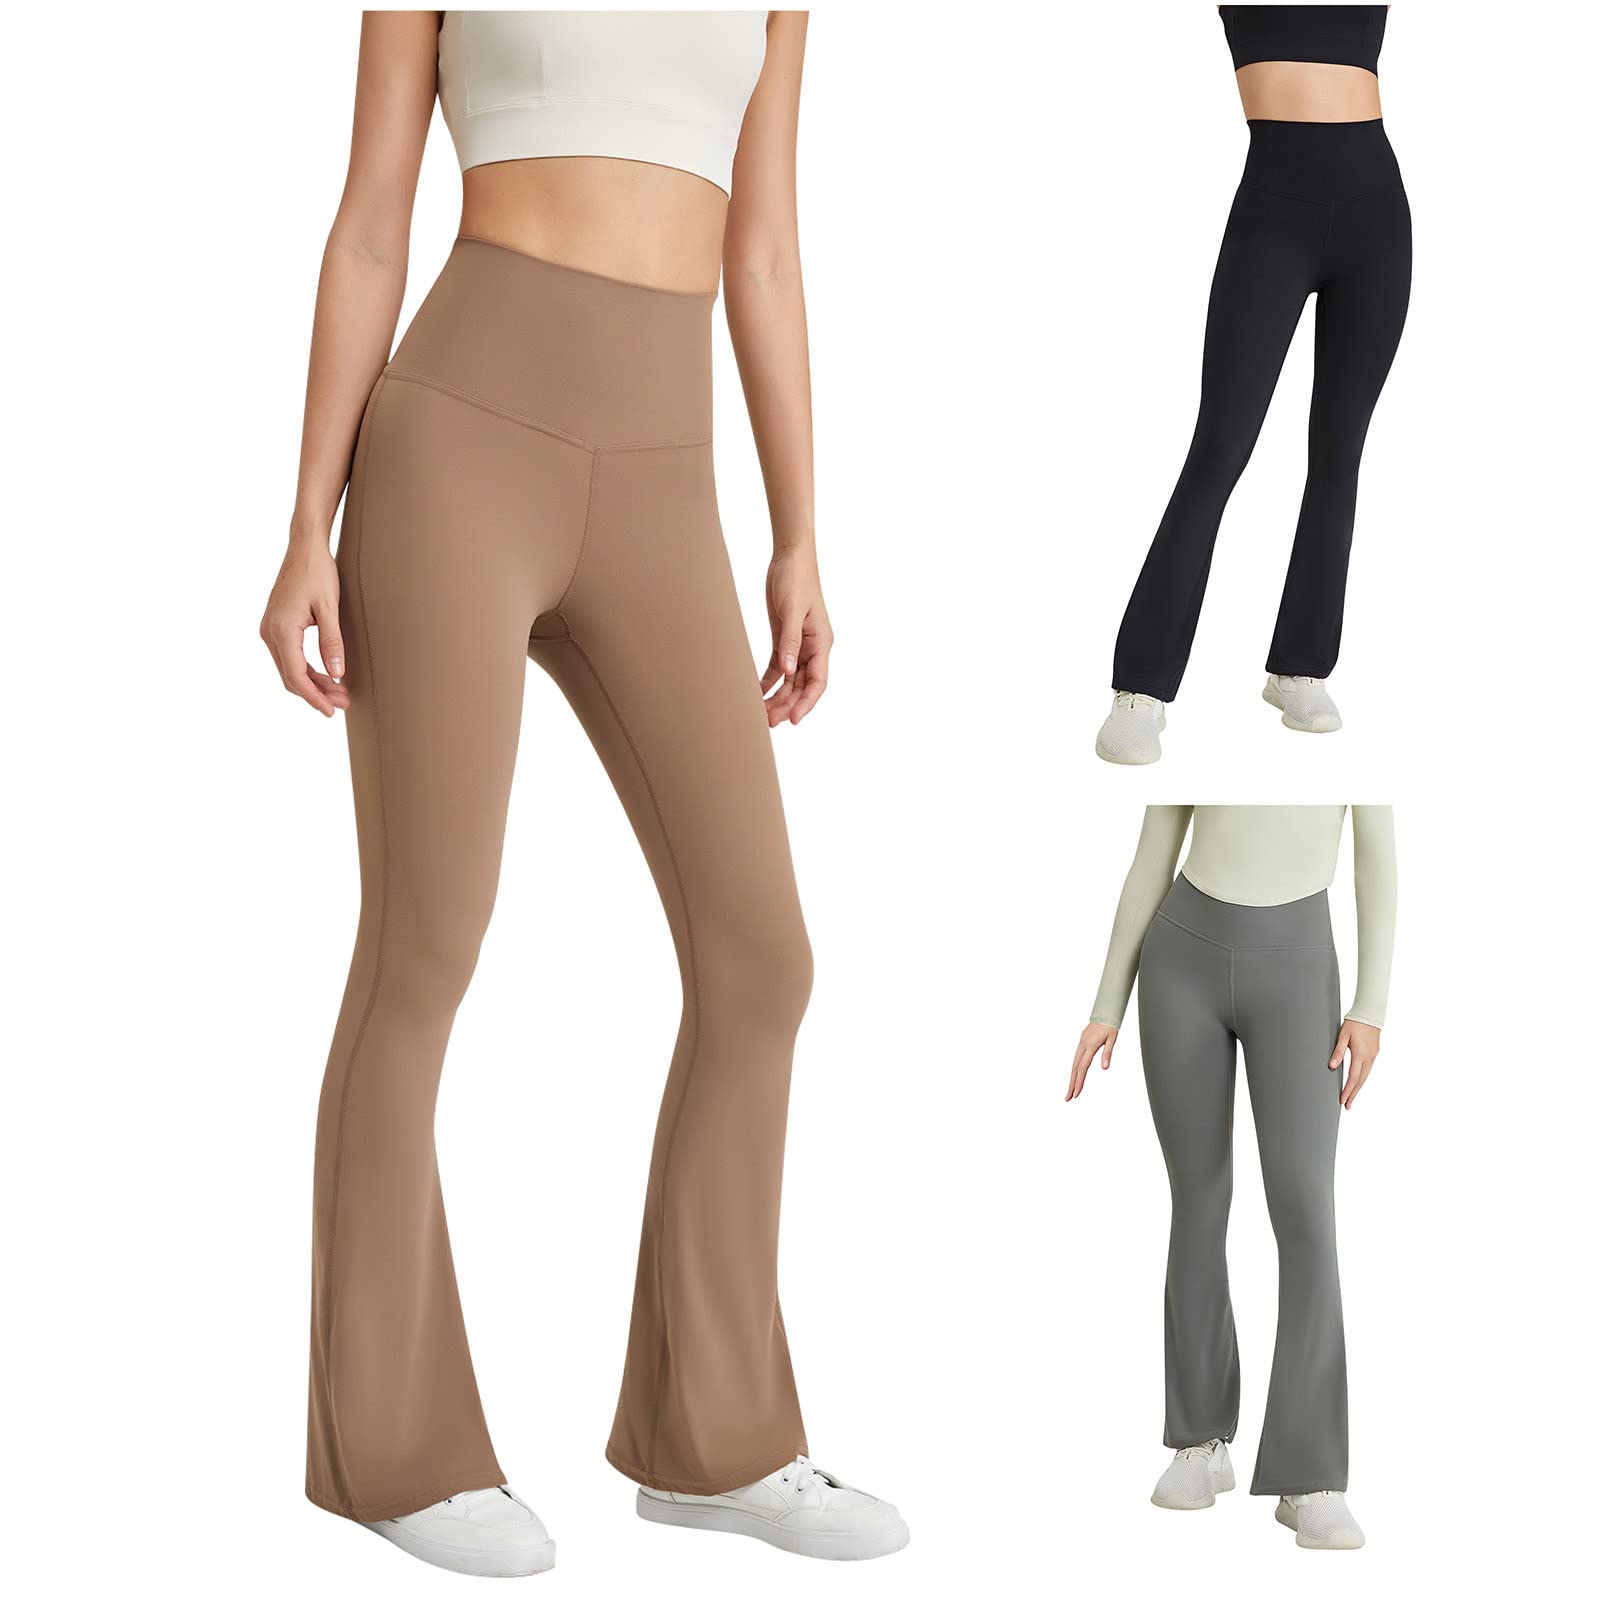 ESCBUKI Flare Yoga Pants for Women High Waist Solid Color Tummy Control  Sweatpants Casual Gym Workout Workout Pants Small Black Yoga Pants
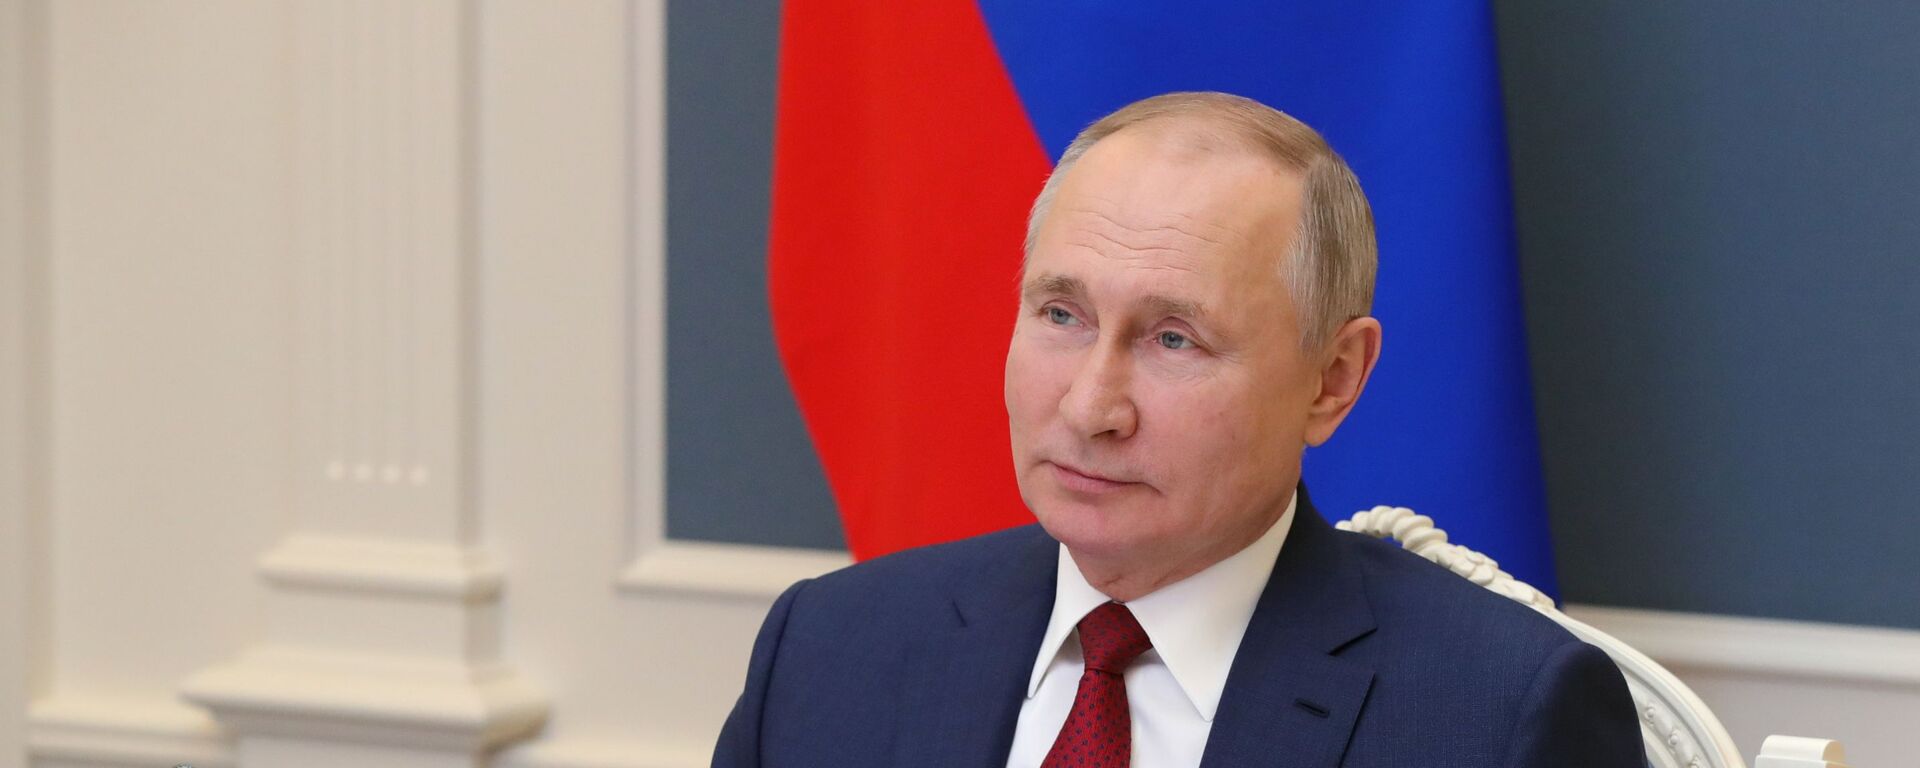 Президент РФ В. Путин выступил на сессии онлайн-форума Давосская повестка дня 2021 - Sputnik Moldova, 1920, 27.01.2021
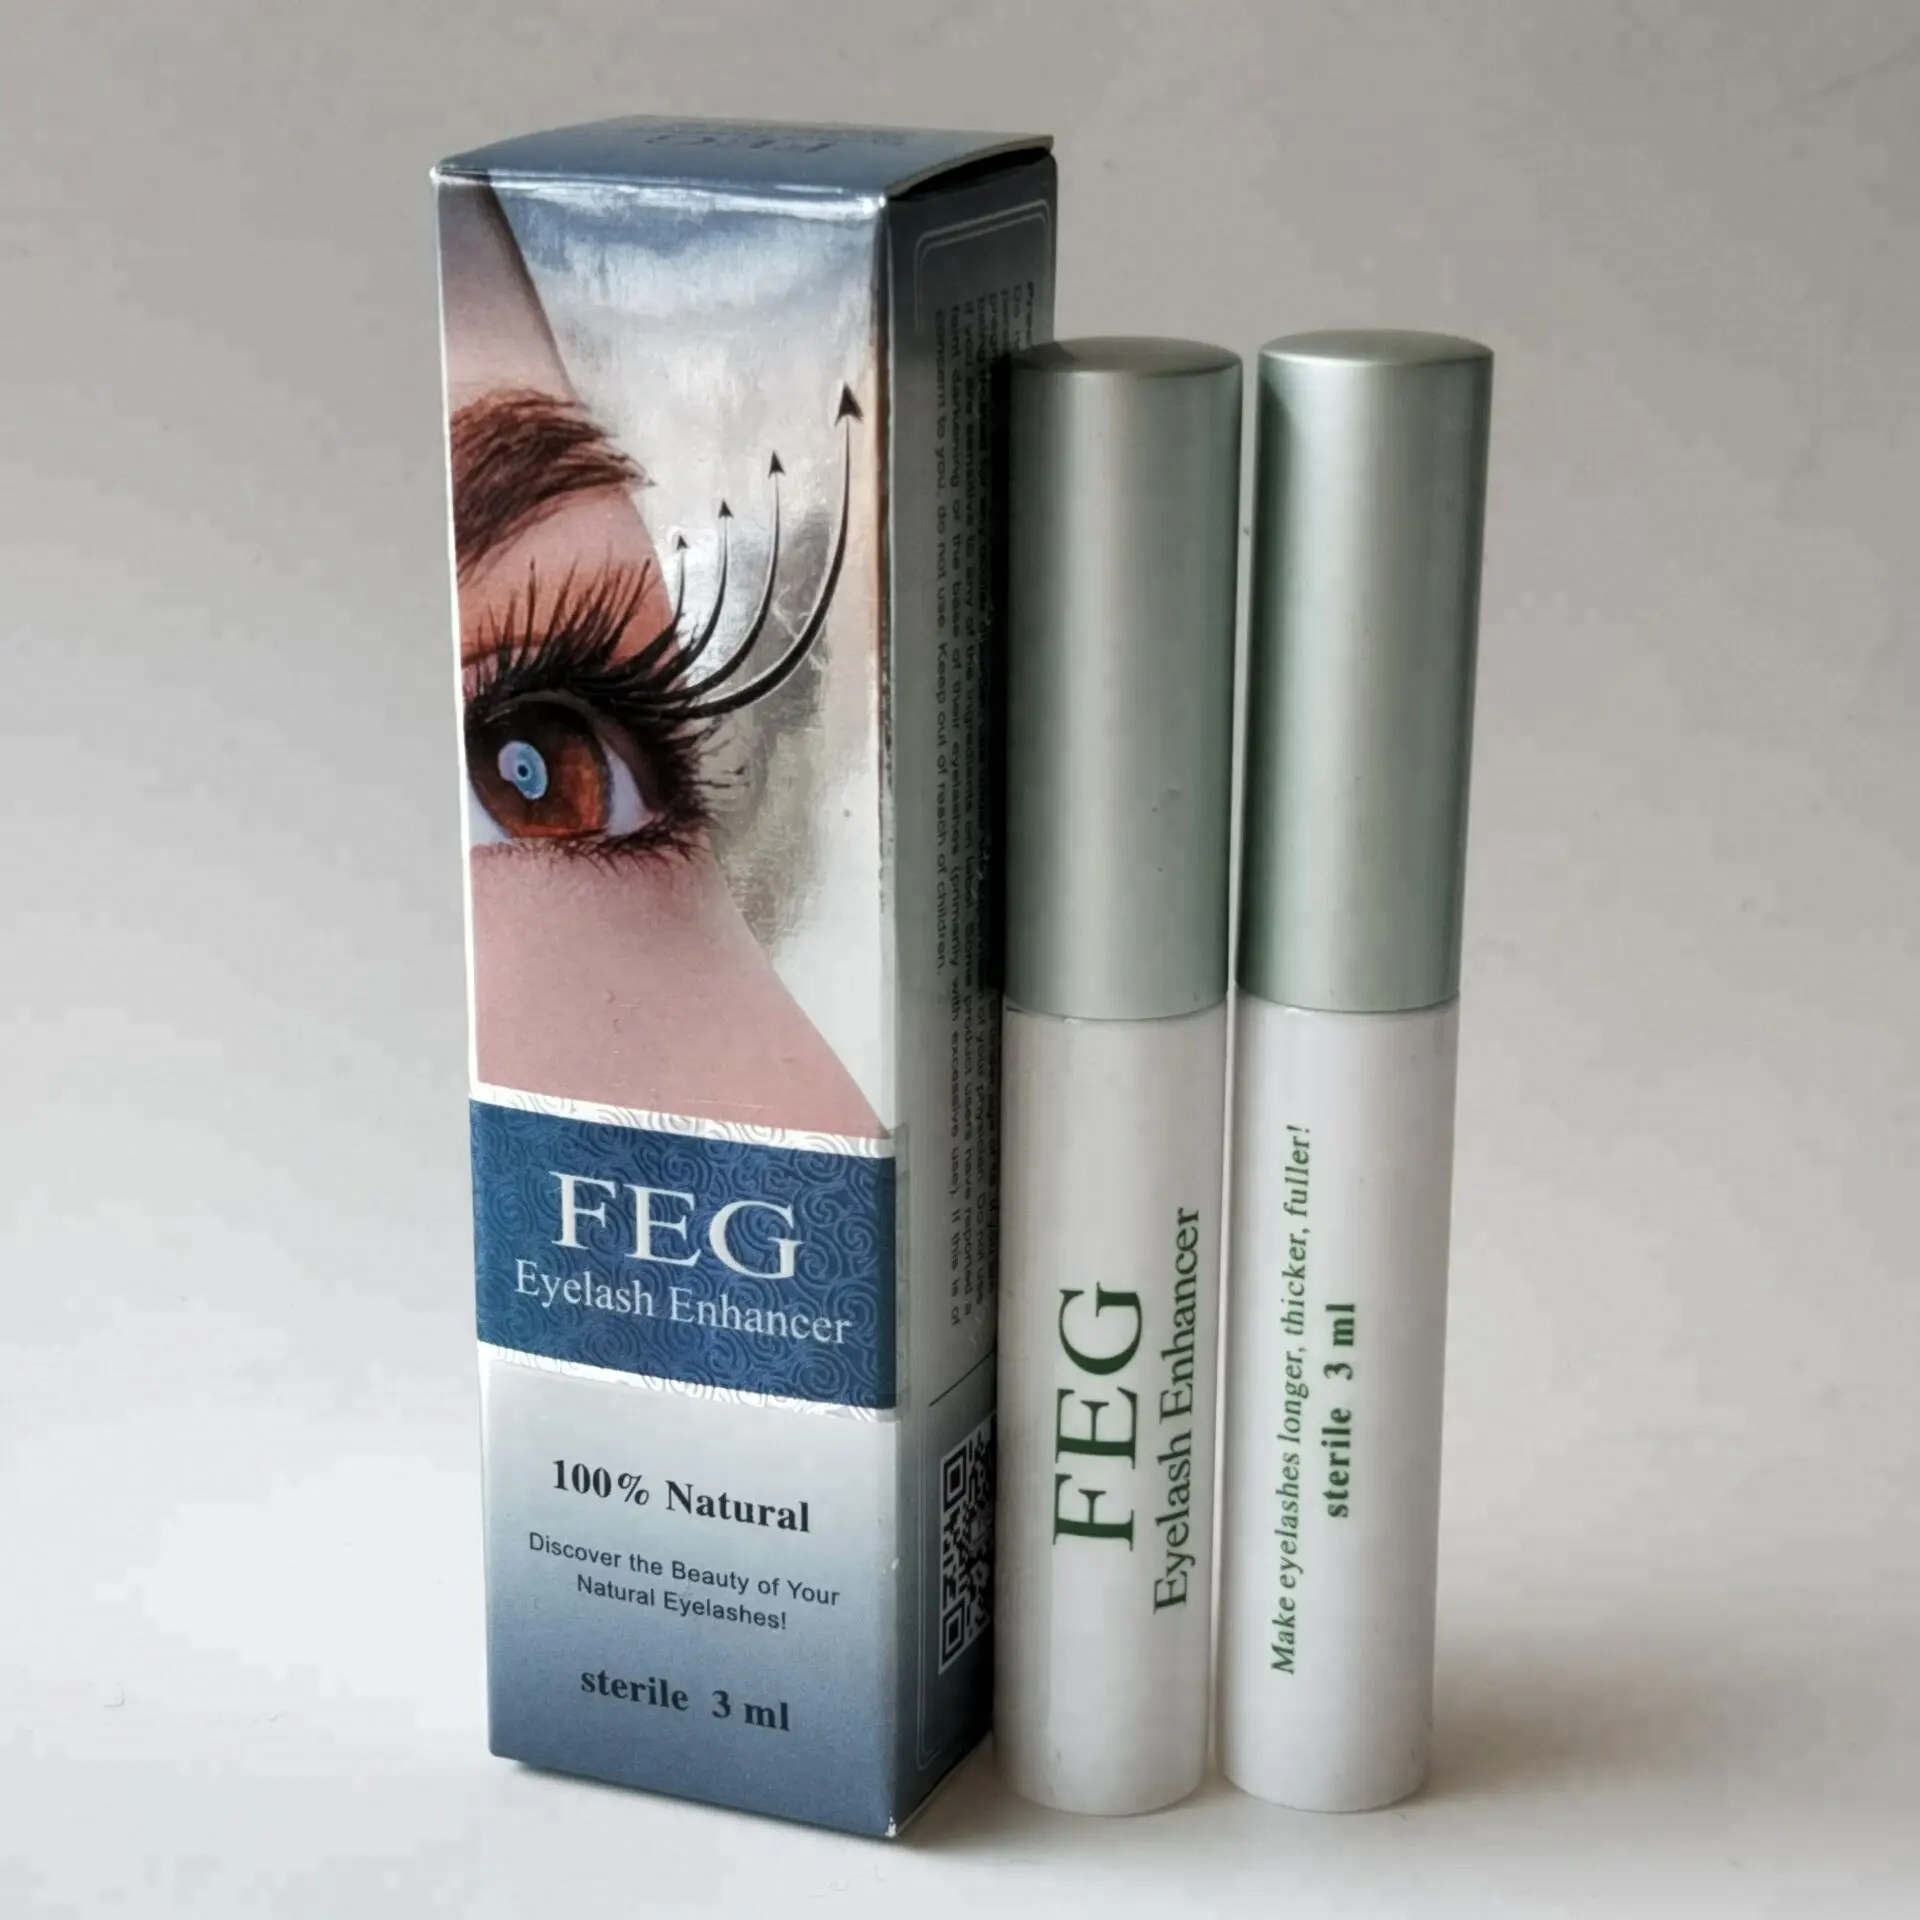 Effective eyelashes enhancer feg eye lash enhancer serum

Exercise: The material is to be reproduced verbatim, and no picture may appear in the copy.

Answer for the task:
 ESCBUKI Flare Yoga Pants for Women High Waist Solid Color Tummy Control  Sweatpants Casual Gym Workout Workout Pants Small Black Yoga Pants
 Президент РФ В. Путин выступил на сессии онлайн-форума Давосская повестка дня 2021 - Sputnik Moldova, 1920, 27.01.2021
 Effective eyelashes enhancer feg eye lash enhancer serum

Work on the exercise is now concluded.